Я напряг зрение, но ничего нового не увидел.
Мы пошли вперед, прошагали метров сто и тогда ясно различили силуэты двух гусей. Они не двигались и следили за нами.
Не было никакой возможности подкрасться к ним незаметно. Равнина лежала перед нами просторная и голая. На западе она переходила в поля, а на юг, вдоль реки, тянулась все такая же плоская, как тарелка, усеянная лужами земля. Недалеко от гусей паслась отара овец. Пастух, который стоял, опершись на свой посох, закутавшись в толстый войлочный плащ, напоминал издали маленький цыганский шатер. Дед Мирю пошел к нему.

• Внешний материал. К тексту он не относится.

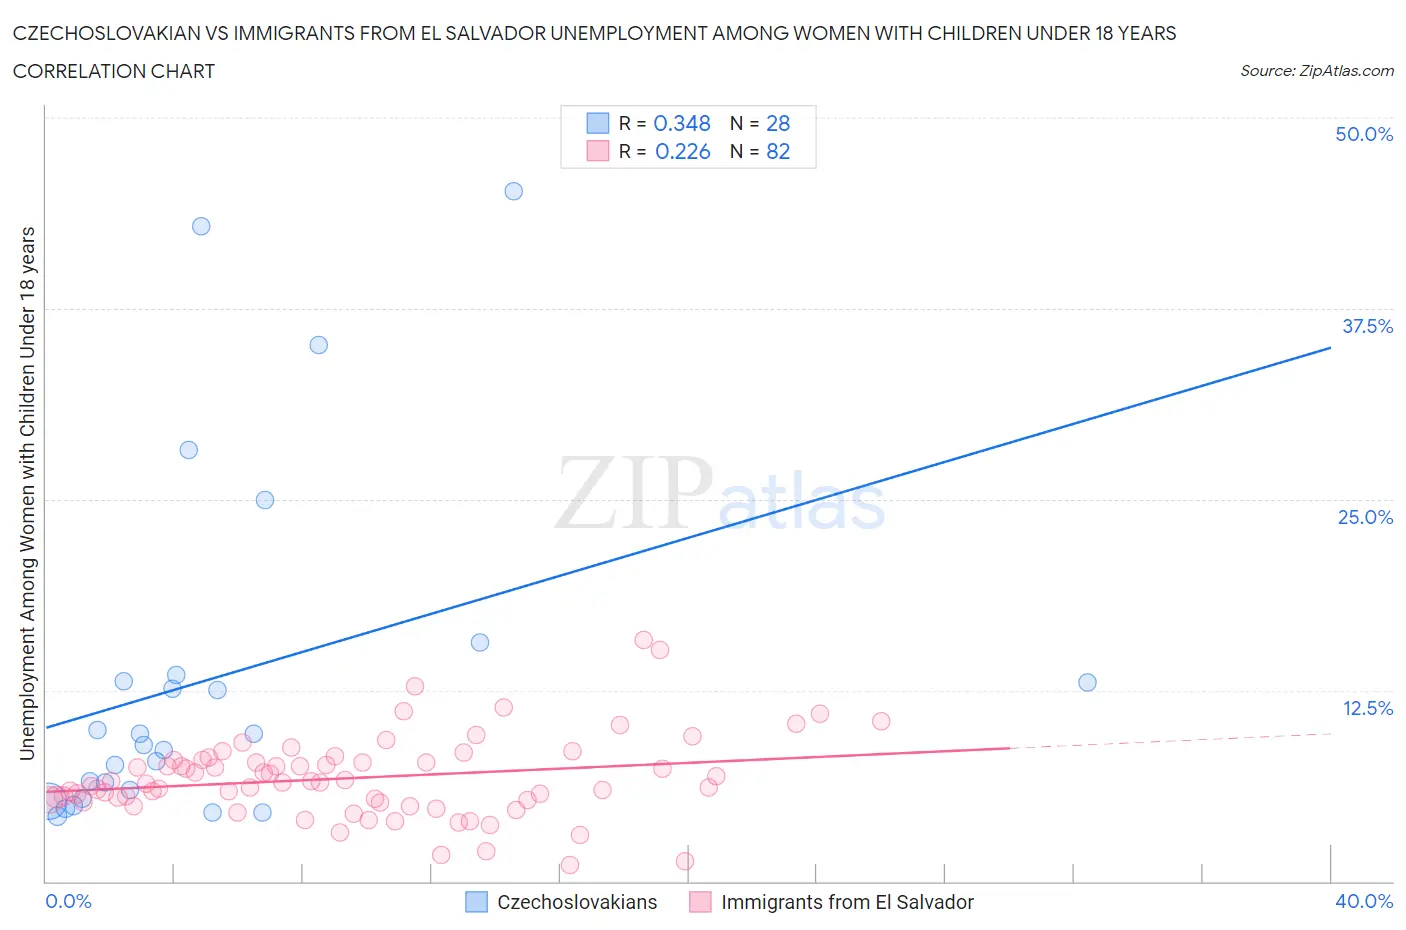 Czechoslovakian vs Immigrants from El Salvador Unemployment Among Women with Children Under 18 years

Пастух оказался его знакомым. Они поговорили об овцах, о том о сем, и дед Мирю попросил пастуха подогнать свою отару поближе к гусям.
– Не намокли бы овцы. Там топко, – сказал пастух, но вышел вперед и повел отару.
Мы пошли за ним, не пытаясь прятаться.
Гуси стояли неподвижно и смотрели, как мы подходим. Оба были обращены к нам в полный профиль – один чуть позади другого. Тот, что стоял сзади, был немного меньше второго и казался спокойнее, – видно, он предоставил своему товарищу решать, сниматься ли им с места или нет.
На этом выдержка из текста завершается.